Back up to Whitby this weekend. I wanted to take one last look at the stockings, hat and mittens on display at The Captain Cook Memorial Museum, before they return to Gdansk, at the end of this month.
I wanted to take a close look (through the display case!) and take some notes, for my research on the history of Yorkshire knitting. The three items on display from the wreck of The General Carleton, are a pair of stockings, an interesting thrummed cap, and a pair of mittens. The mittens were recognisably Latvian (I knew from having spent a frightening amount of the 1980s glued to Shelagh Hollingworth’s ‘Scandinavian Knitting’). The other two items I feel are Yorkshire.
I documented everything I could, paying especial interest to the stockings as they seem to be like the ones I was researching being knit by the charity school girls in York, in the 1780s and 90s. Will be sharing that research in the coming months.
Also on display, a letter from Capt. Phipps dated 10th May, 1773, listing the clothing requested for a crew of a similar ship to the General Carleton. I should say, ‘Fearnought’ jackets are made from a fulled, woven wool and probably like the one pictured here, from the wreck of the General Carleton.
Again, mention of knitted items but no mention of a gansey or anything we could interpret as such. In 1773, Racehorse attempted an expedition to the North Pole, so this is detailing clothing from the most extreme conditions imaginable. Capt. Phipps took both Racehorse and Carcass to esplore the North-West Passage in 1773 – Horatio Nelson was midshipman on the Carcass, and it was on this expedition he had his famous brawl with a polar bear. There’s a vivid account of this voyage here.
1oth May, 1773
Having received Directions for the Right Honble [sic] the Lords Commissioners of the Admiralty to furnish the undermentioned Extra Necessaries for the crews of His Majesty’s sloops Racehorse and Carcass, viz: –
Flannel jackets two for each Man
Fearnought Jackets, Lined – Two
Kersey Inside Waistcoats lined – Two
Milled Yarn Caps – Two
Boots – One Pair
Boot Stockings – Two pair
Fearnought Trowsers – Two Pair
Mittings [sic] One Dozen Pair each Man
We desire you will please to let us know what Numbers of Men are to be furnished therewith
Your Humble Servants
Hon’ble Captain Phipps
Racehorse at Deptford.
(From the Mulgrave Archives, letter loaned to exhibition by Lord Normanby)
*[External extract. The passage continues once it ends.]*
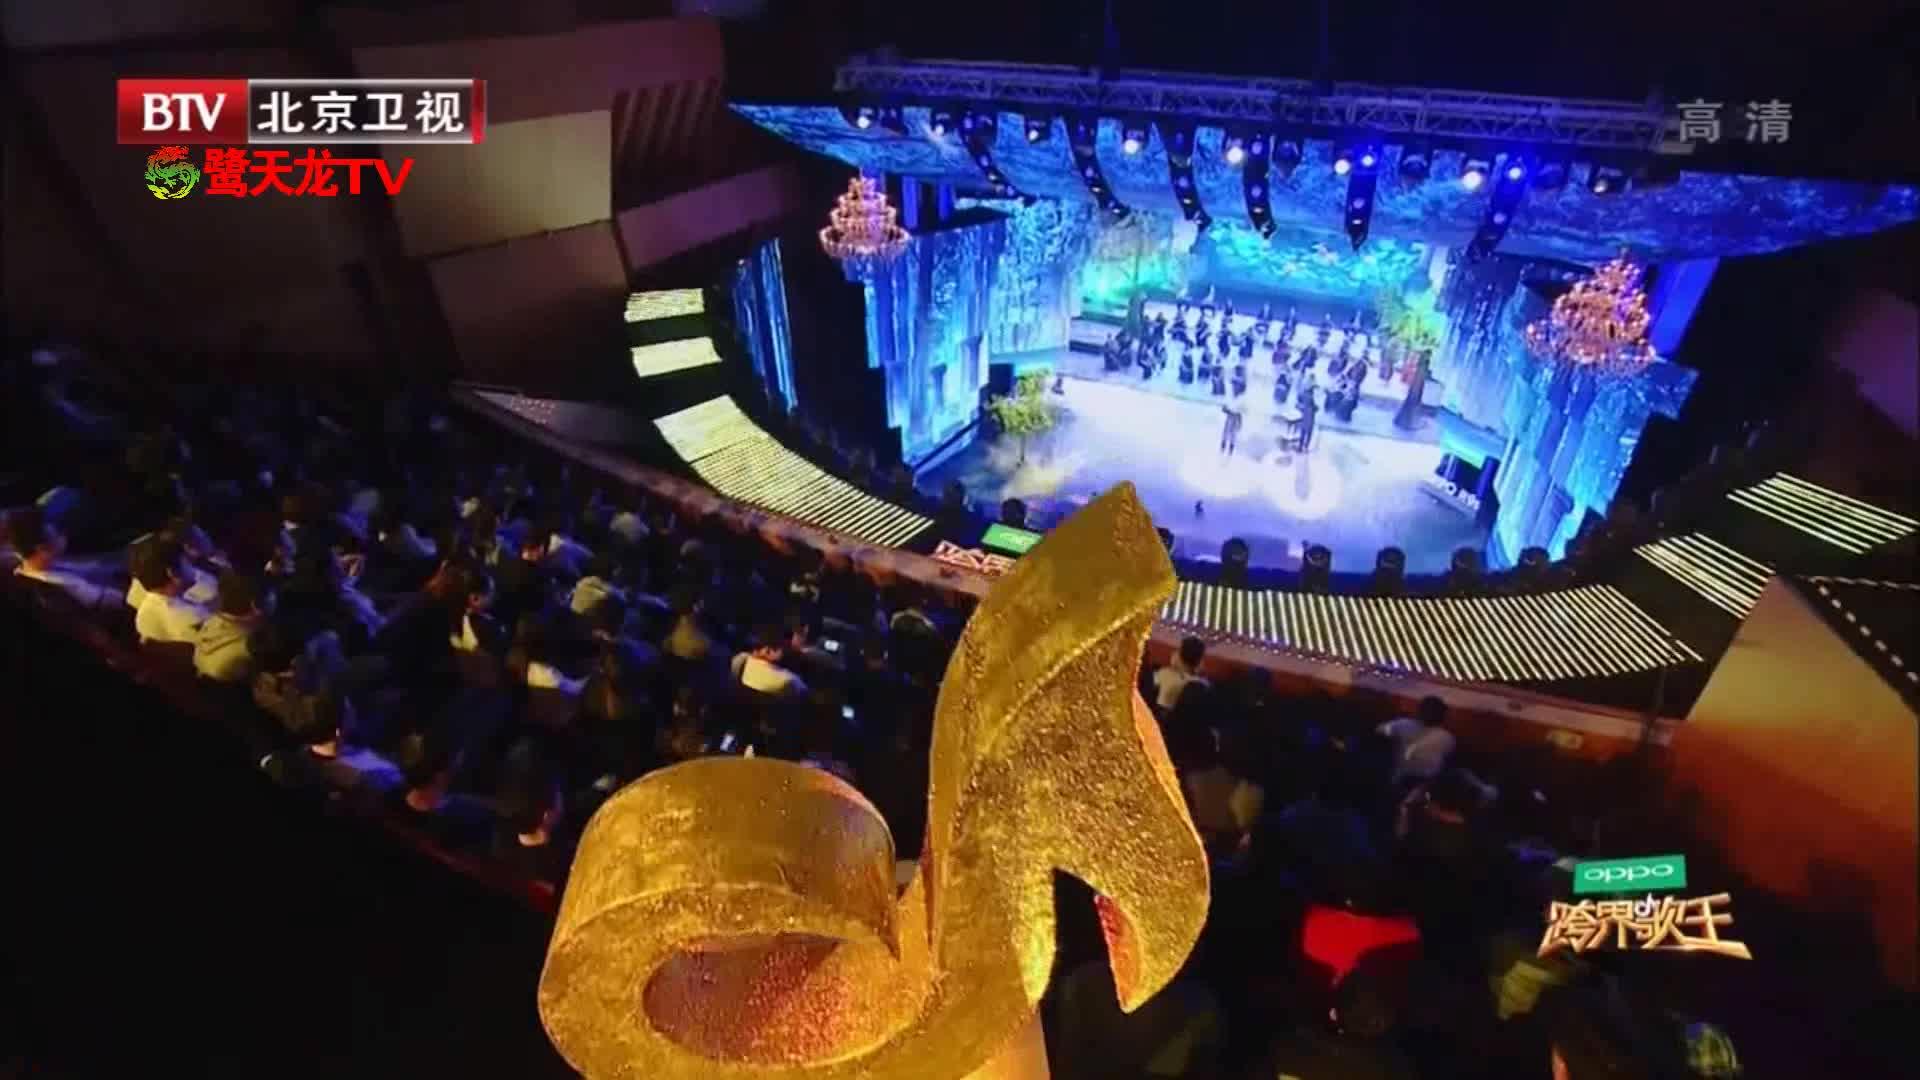 跨界歌王第二季:陈建斌《蓝莲花》变摇滚青年

2 replies on “Racehorse at Deptford”
Hi Freyalyn! You know, I was too busy with the stockings to look too closely at the gloves! So I bet you’re right if that’s your observation! I was cursing the fact the stockings were at the back and what I couldn’t see were the decreases/increases, but clocked as much as I could! Tell you what – the stockings had a very interesting ribbed section I did spot – extremely erratic. The hat seemed to have a couple of rounds purl at the start, which I’d guess was due to the thrums?
I think the ‘milled’ hats will refer to the finishing – fulling – so they could be like the rough ‘bump hats’ mentioned in ‘Old Handknitters of the Dales’ – knit huge and fulled down? In his book, Stephen Baines mentions the knitted caps usually being plastered with tar. (That’s on top of being fulled!) I do think the ‘milled’ refers more to fulling than to the yarn being millspun – but as you say, at this date they’d be quite likely to be millspun.
The stockings looked handspun to me – as did the hat. Stockings very fine (I reckon the cast on was somewhere around 140 st?)
Yep, I made a note of this letter too – fascinating to find all items so well described yet nary a mention of sweaters or ganseys. I love that there seems to be an expectation that mittens will be lost!
I had very close look at the mittens in the case (my noseprint may still be on the glass) and wondered that perhaps there was a twined cast on and perhaps the first row or two.
Do you think the ‘milled yarn caps’ refers to fulling of the knitted caps, or that they were knitted from mill-spun yarn? If the latter, would that imply that other items were handspun. Too late for that, I’d have thought.